Data excerpt.

►

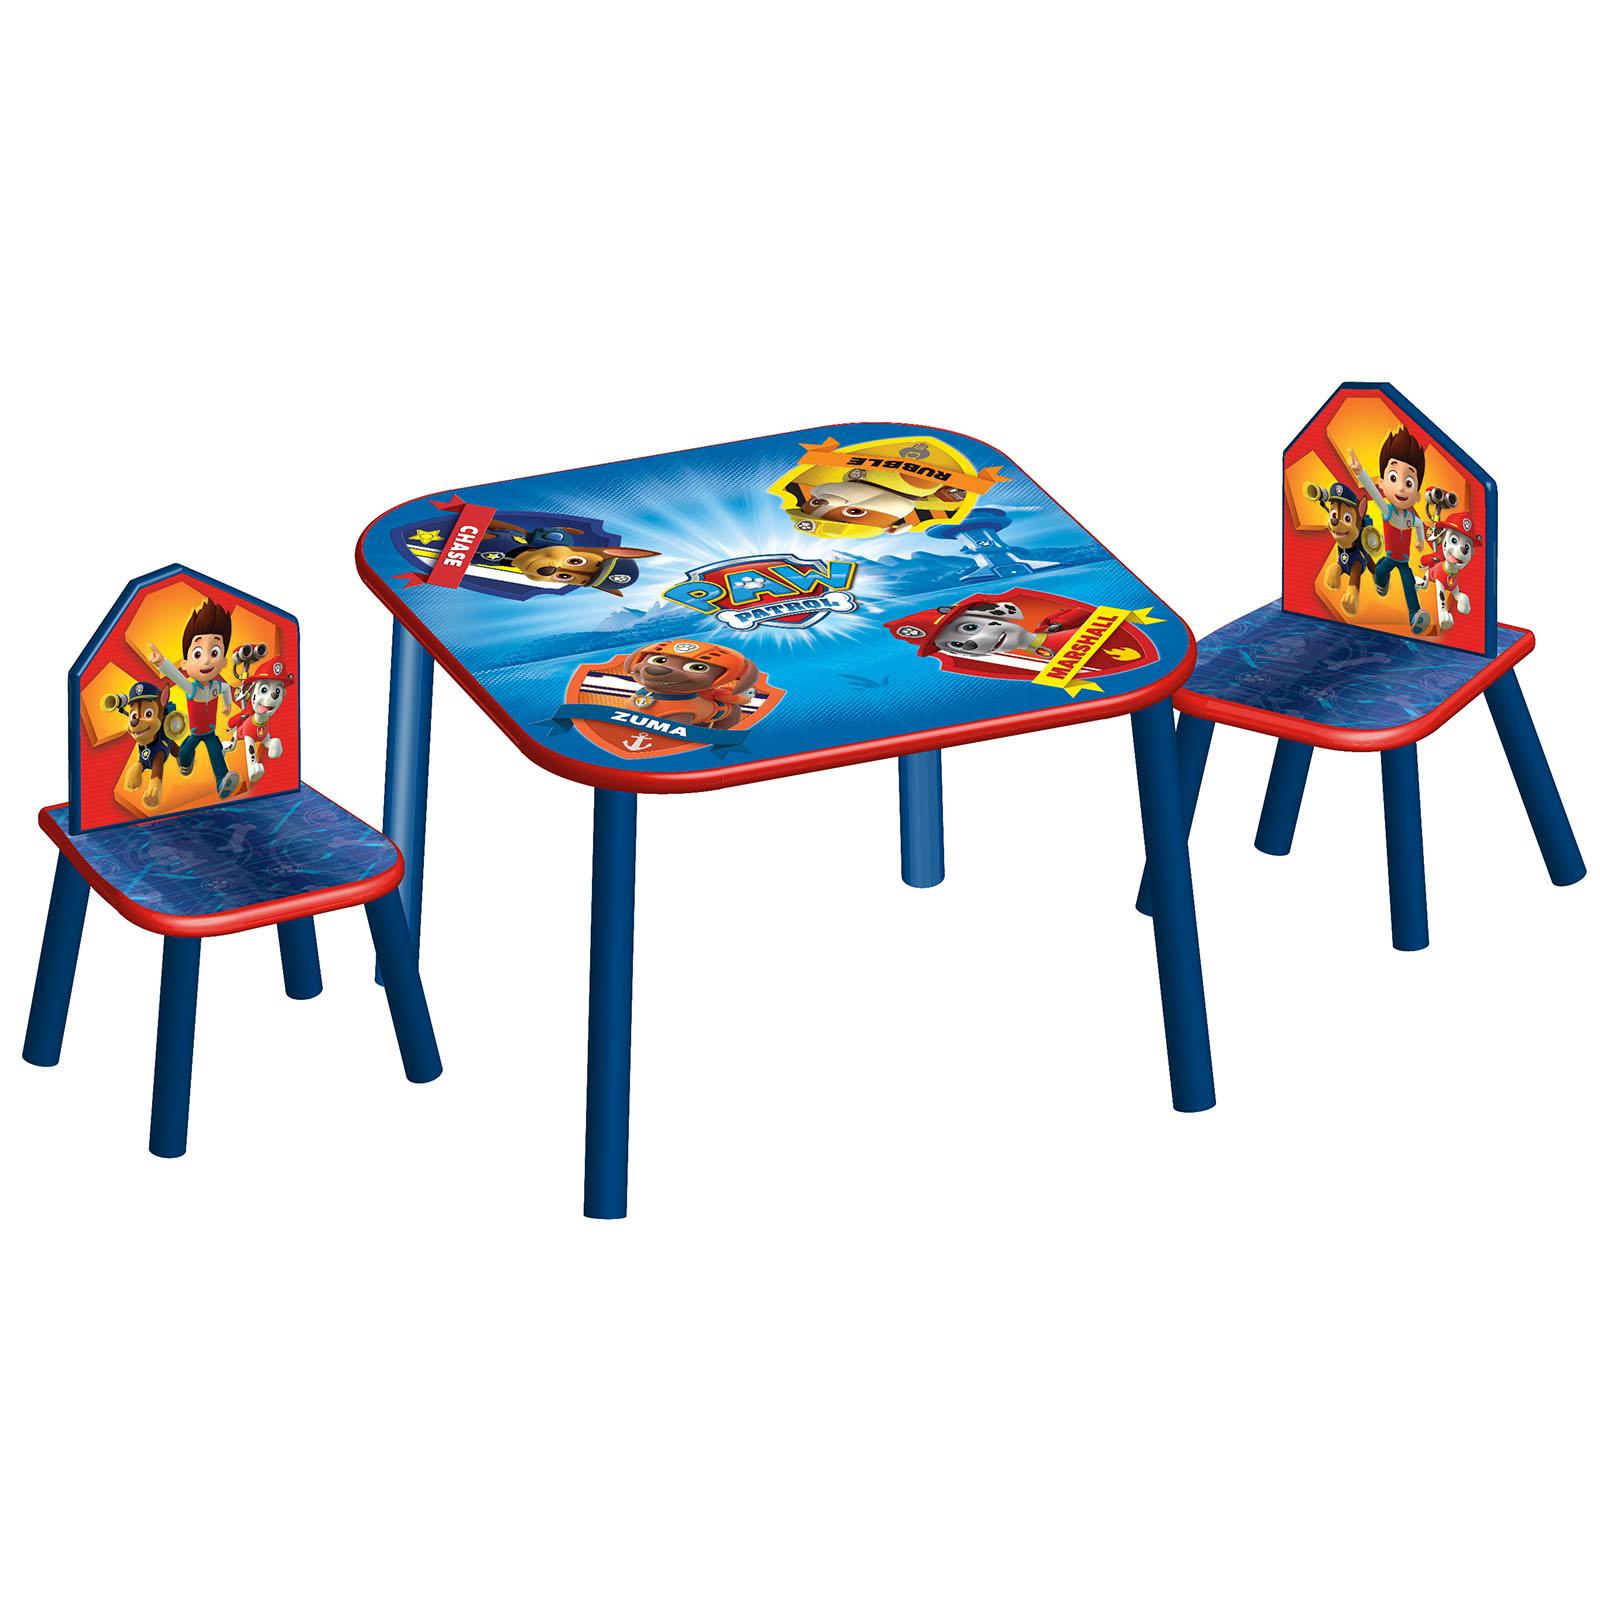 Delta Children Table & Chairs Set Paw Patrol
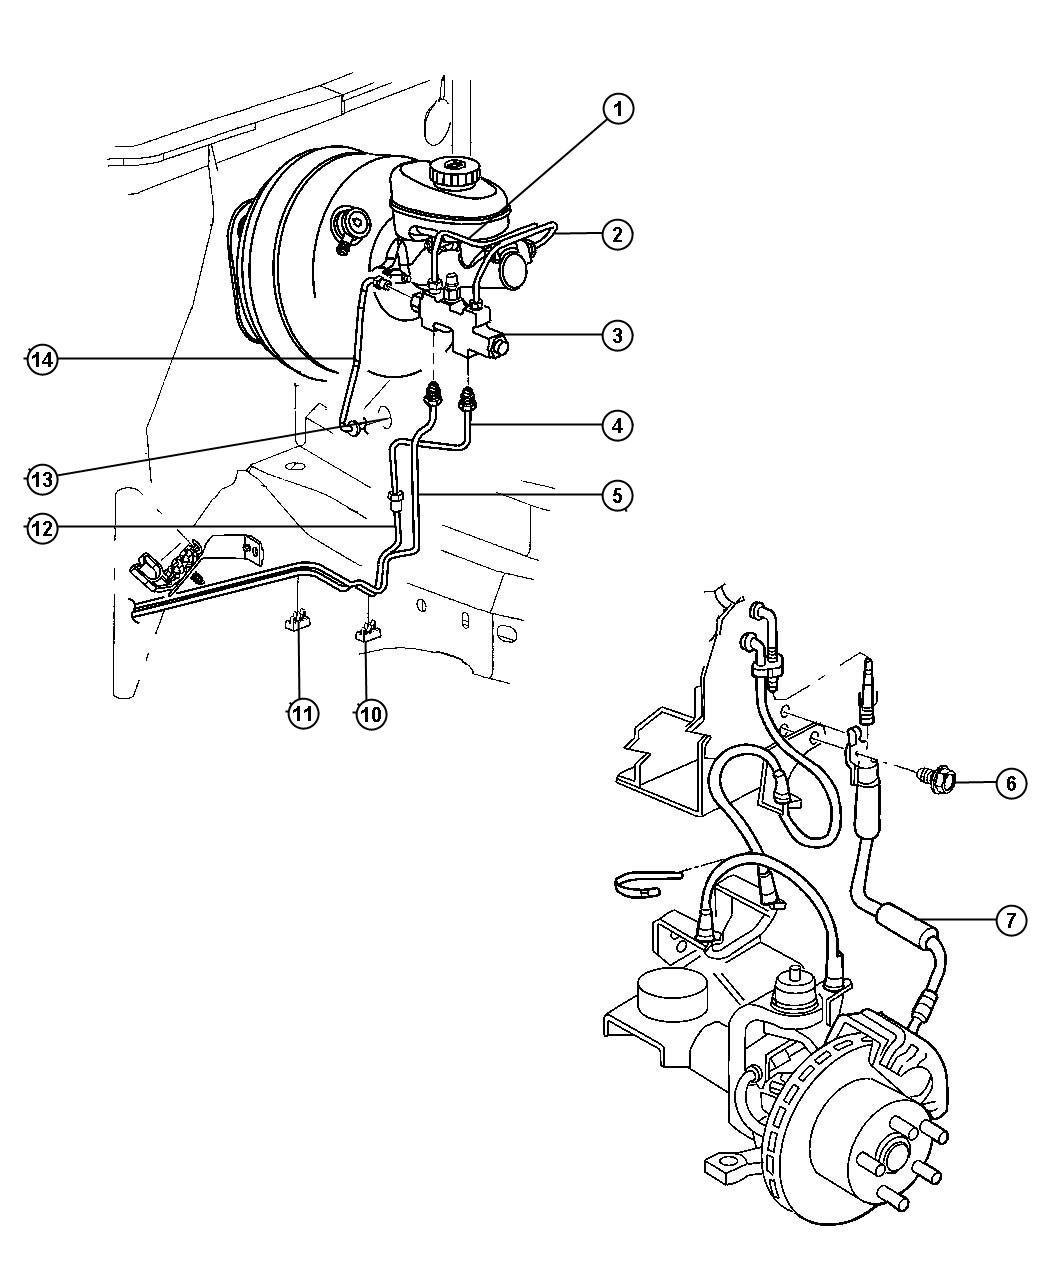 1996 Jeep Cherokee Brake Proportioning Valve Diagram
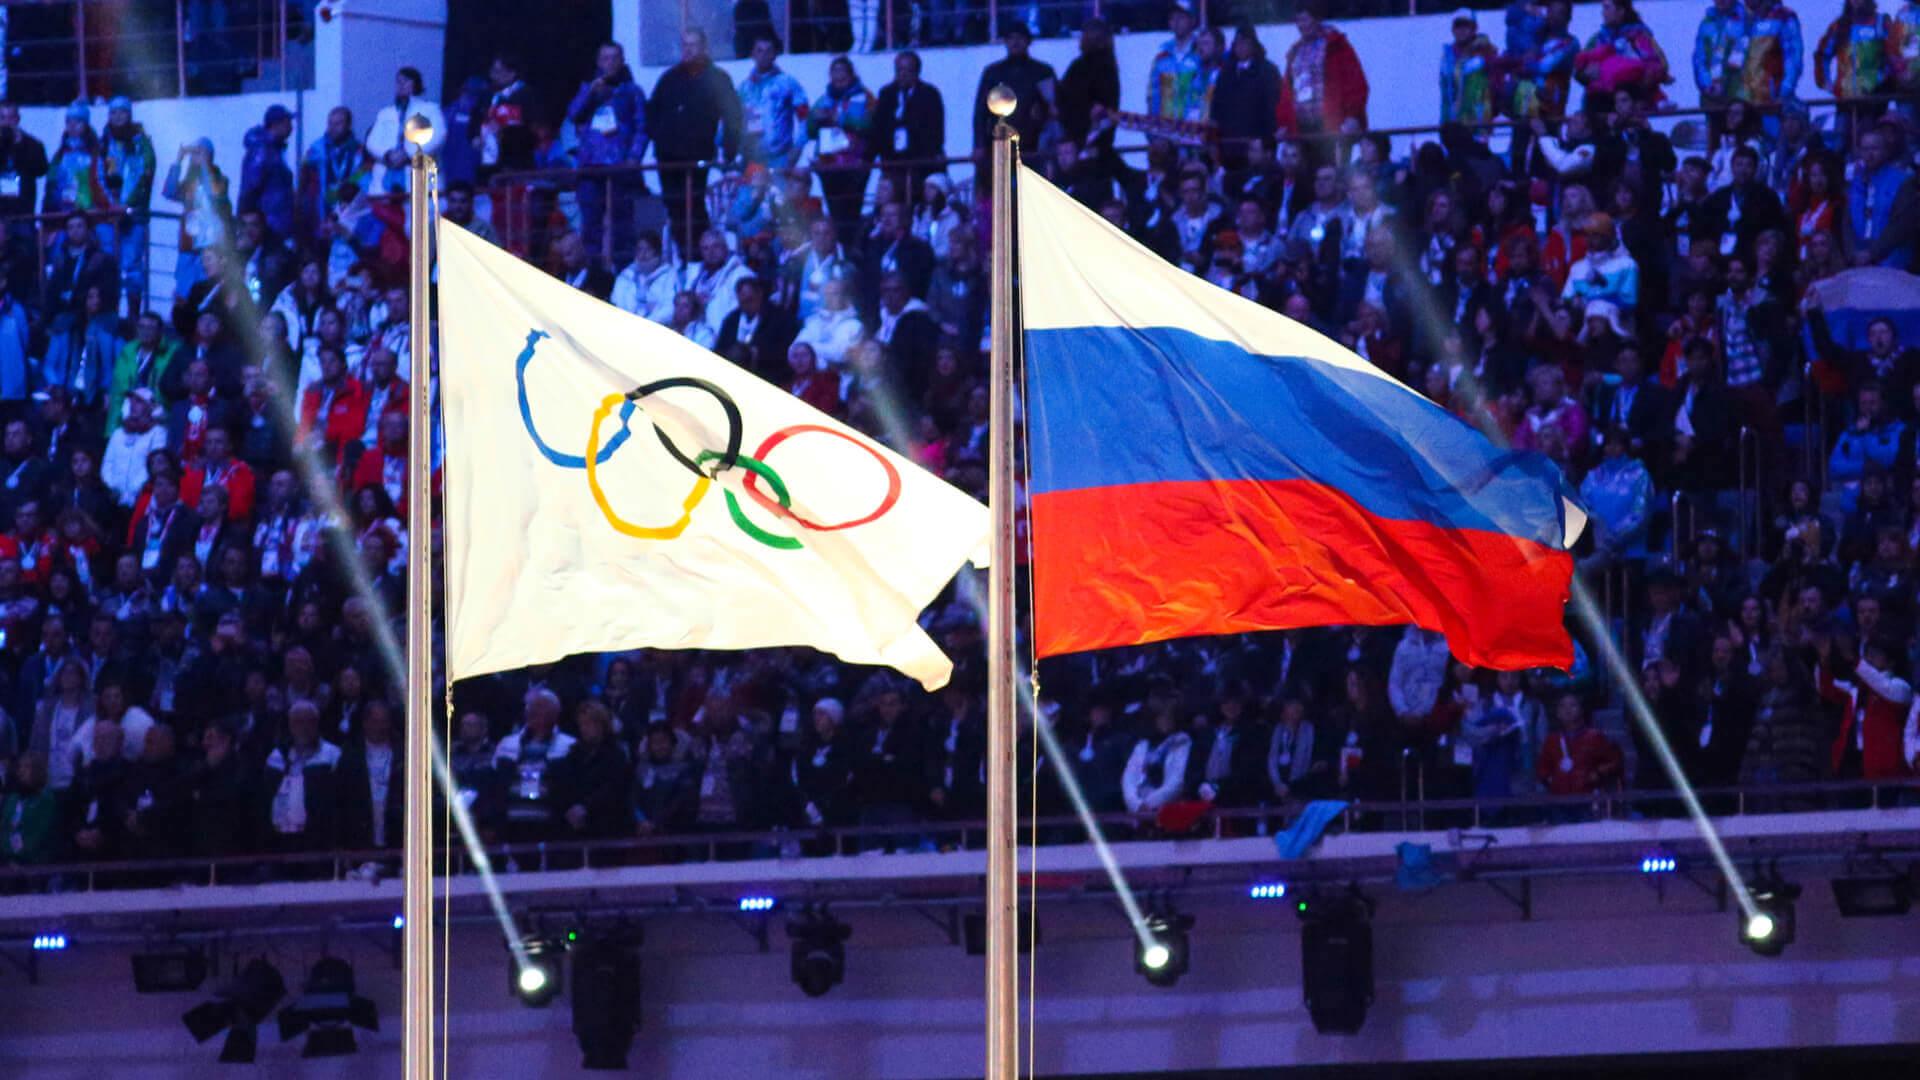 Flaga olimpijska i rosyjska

◄

Directions for this task. Only the lines from the one with "1996 Jeep Cherokee" to the end of the listing, both ends included, should be retyped exactly; no pictures belong in the copy.

Reply.
 1996 Jeep Cherokee Brake Proportioning Valve Diagram
 Flaga olimpijska i rosyjska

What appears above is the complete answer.